The Daedalus Project

Investigators: Roger Hubbold (PI), and Toby Howard (CI)

Research Co-investigator: Mashhuda Glencross (RF)

Collaborators: Greg Ward (Dolby Canada), Rob Rhodes (Napper Architects), and Alan Chalmers (The Warwick Digital Laboratory).

Students: Jun Liu (PhD), and Francho Melendez (PhD)

The Advanced Interfaces Group has been working in the field of reconstructing real-world scenes from photographs and video sequences since 1995. The REVEAL project (1998-2001), funded by the UK-EPSRC and in partnership with Greater Manchester Police, investigated construction of fully interactive virtual environments which faithfully represent real-world scenes. The target application area for this early work was crime scene reconstruction, investigation and training, and forensic analysis. Fundamental results from this were subsequently applied and developed in the European Commission funded ARIS project (2001-2004), a collaboration with Fraunhofer Institute (Germany), Intracom S.A. (Greece), Inria-Loria (France), University of Bristol (UK), Athens Technology Centre (Greece), and IKEA (Greece). During this time, the focus of the AIG contribution was real-time augmentation of images and video sequences with photorealistically-rendered synthetic 3D objects (gallery). An important outcome of these projects was the ICARUS semi-automatic calibration and reconstruction system, which was later incorporated into commercial match moving software by The Pixel Farm.
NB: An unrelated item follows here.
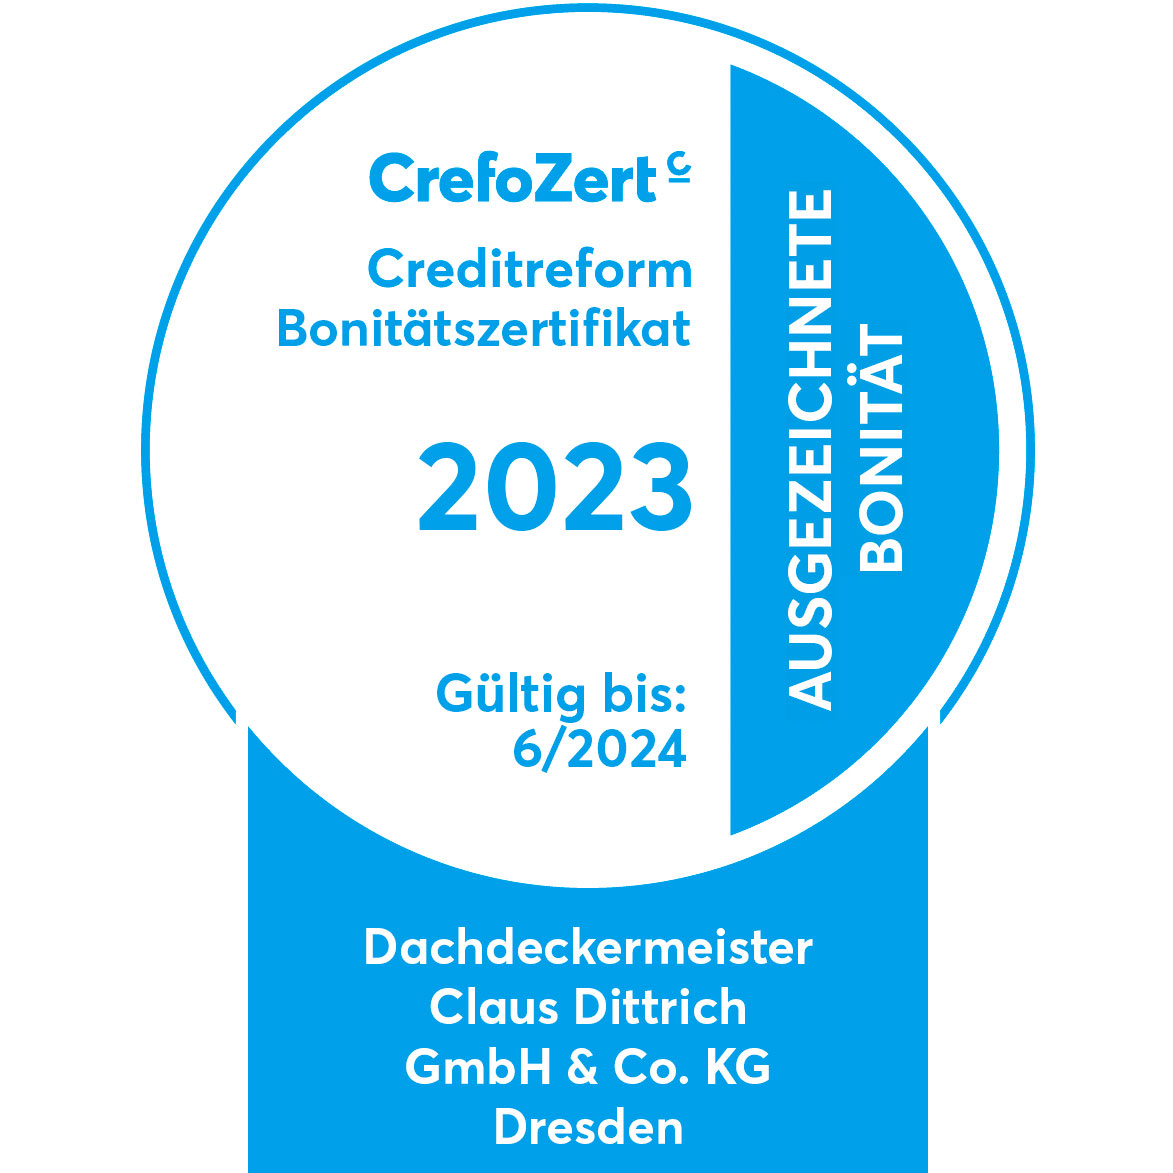 CrefoZert. Creditreform Bonitätszertifikat 2023. Ausgezeichnete Bonität. Creditreform zertifiziertes Unternehmen: Dachdeckermeister Claus Dittrich GmbH & Co. KG

In this current project we build upon the group's prior expertise in 3D reconstruction, to advance state-of-the-art methods for automatically constructing and re-lighting visually plausible 3D models of real-world scenes from multiple digital images. Limitations of most current 3D reconstruction methods are that they can be labour intensive, work only in specific contexts, produce geometry that contains noise, and require additional complicated procedures and special equipment to measure material reflectance. While important advances in 3D reconstuction algorithms have been made by the computer vision community, for the listed reasons their adoption in real applications has been slow. We focus our work on finding novel practical solutions to some of these problems in order to apply 3D reconstruction techniques in architectural site context visualisation, design, planning and public consultation processes. Our research considers two main aspects:

• 1. Automatic reconstruction of 3D geometry of existing sites from high-resolution images of sites captured from widely separated viewpoints (known as wide-baseline images). We employ robust computer vision methods to achieve this.
• 2. Relighting the scene so that its appearance under different lighting conditions can be assessed.

Wide-baseline Reconstruction

Our 3D reconstruction method is predominantly automatic and based on a feature matching approach. We employ our own efficient implementation of Lowe's SIFT algorithm as a starting point, and then use a novel oriented, normalised cross-correlation method for detailed matching of features. This gives us a dense point cloud of 3D points representing the 3D geometry captured in the photographs. The point clouds can be visualised using point-based rendering, with colour information derived from the original images, or meshed and rendered as textured triangles. In the latter case, we use Poisson surface reconstruction to recover a 3D surface which can be edited and simplified.

Relighting 3D Geometry

In order to relight the recovered geometry, we first need to estimate materials reflectance characteristics from images and under uncontrolled lighting conditions. In the general case, this is a difficult task. We have developed a completely new, simple, and efficient method called surface depth hallucination for capturing local surface detail of textured surfaces from a single view. Our method allows us to reproduce subtle changes in appearance, for surfaces such as stone and brickwork. In particular self-shadowing from fine surface detail, that depends on the direction of illumination, is plausibly reproduced.

This work is being widely reported by the media. The following links are just a few of the stories that have turned up on the web: [New Scientist...] [Youtube video...] [Slashdot...] [Pressetext...]

Currently for final render visualisations we use the Radiance physically based renderer. Towards the end of the project, we expect to substitute this for Warwick Digital Laboratory's interactive renderer to produce high quality real-time visualisations.

The Daedalus project is funded by the UK-EPSRC under grant EP/D069734/1 (May 2006 - April 2009).